==== Raw data

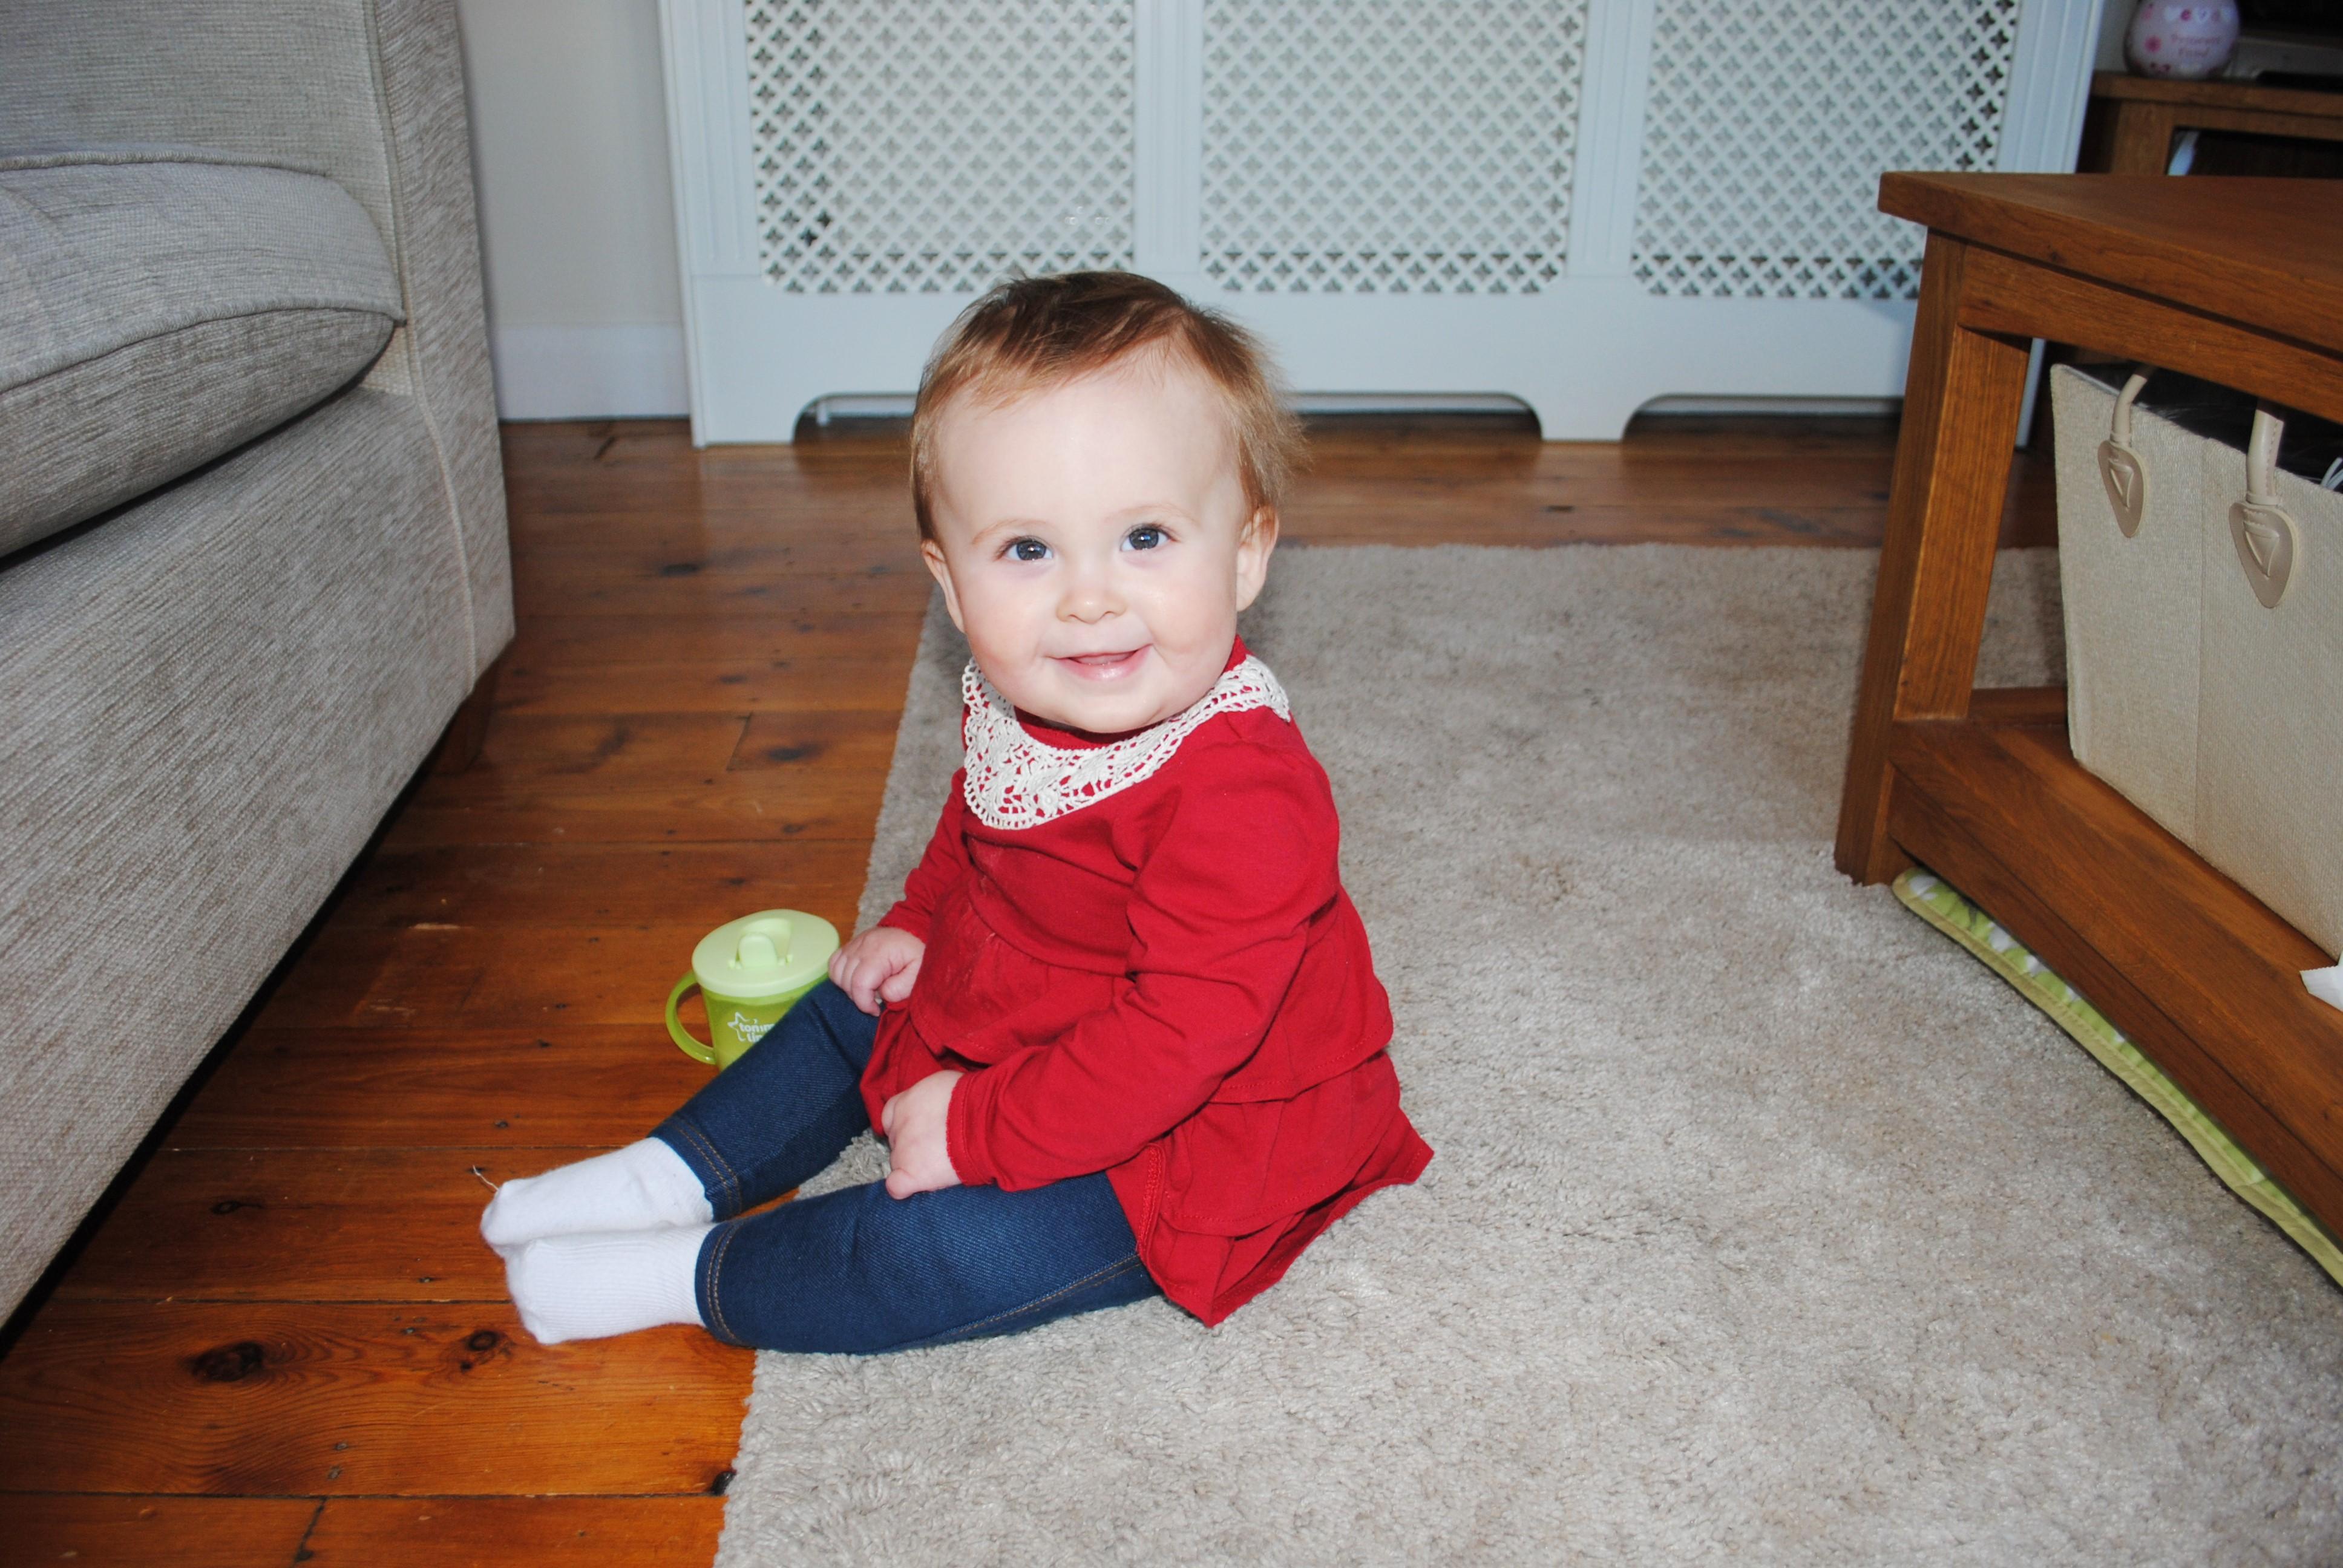 eva drinking milk at home 10 months old
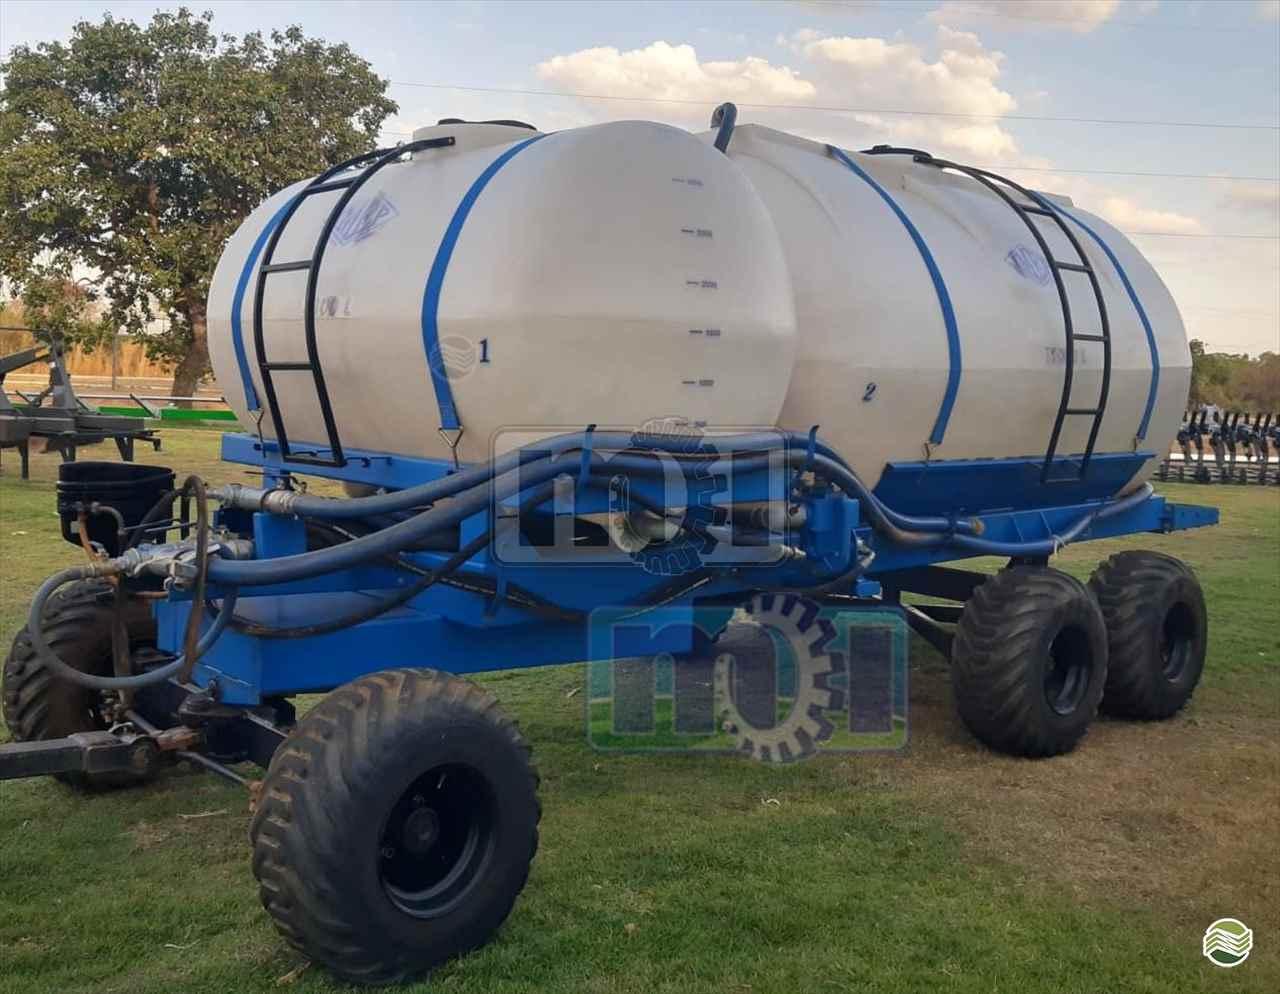 IMPLEMENTOS AGRICOLAS CARRETA CALDA PRONTA CARRETA 10.000 L Moi Maquinas e Implementos Agricolas PORTO NACIONAL TOCANTINS TO
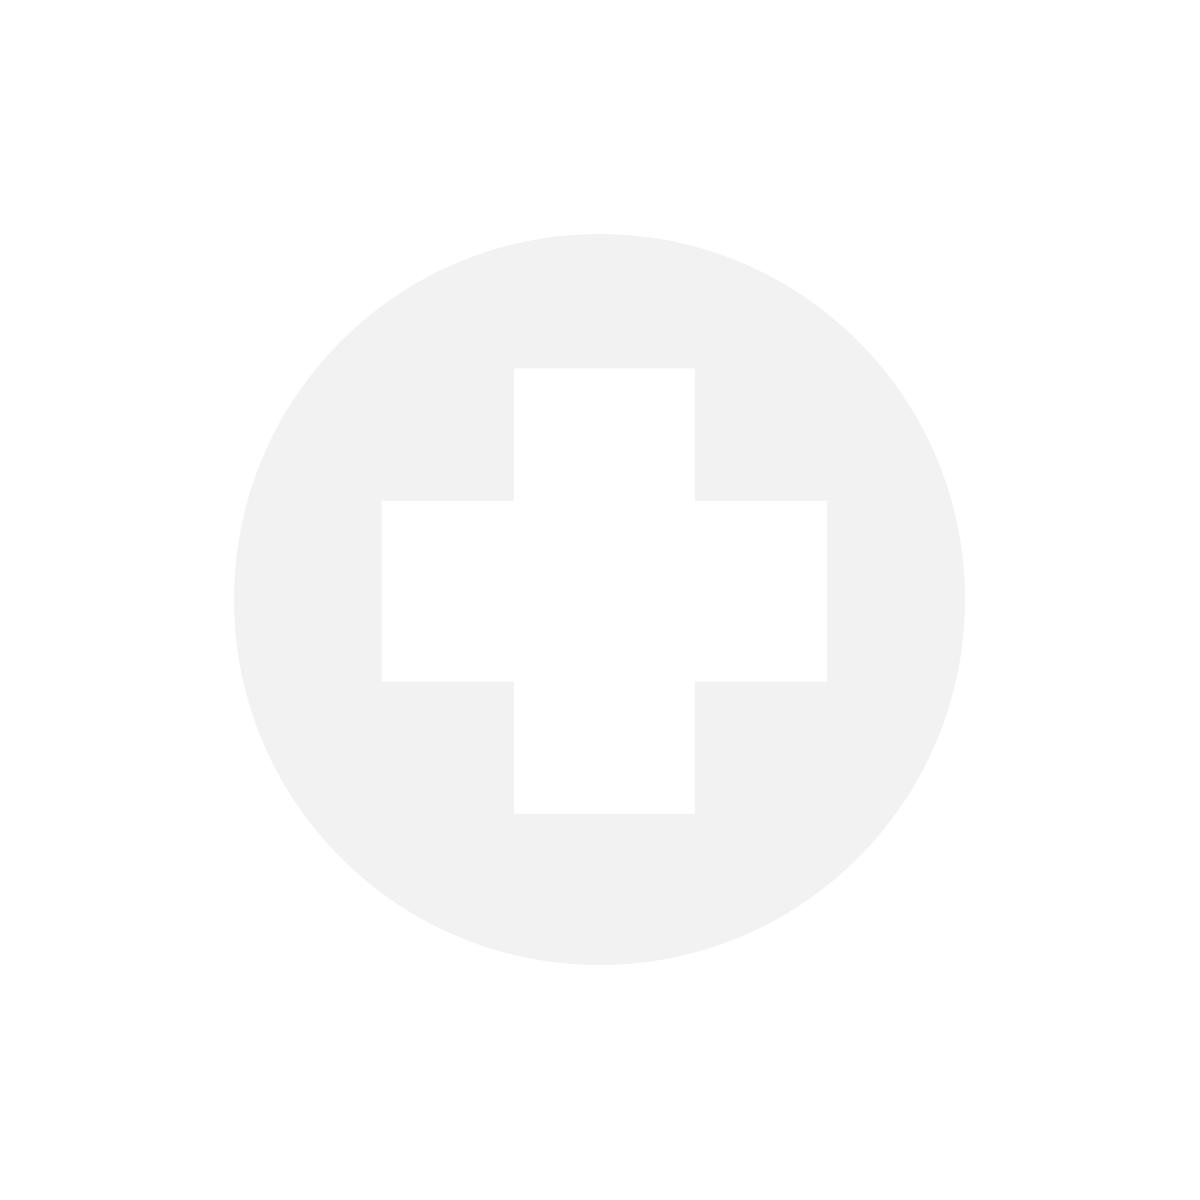 CHATTANOOGA Applicateurs avec grappe

========

Give the data above again, exactly and completely. No pictures go in.

Result:
 eva drinking milk at home 10 months old
 IMPLEMENTOS AGRICOLAS CARRETA CALDA PRONTA CARRETA 10.000 L Moi Maquinas e Implementos Agricolas PORTO NACIONAL TOCANTINS TO
 CHATTANOOGA Applicateurs avec grappe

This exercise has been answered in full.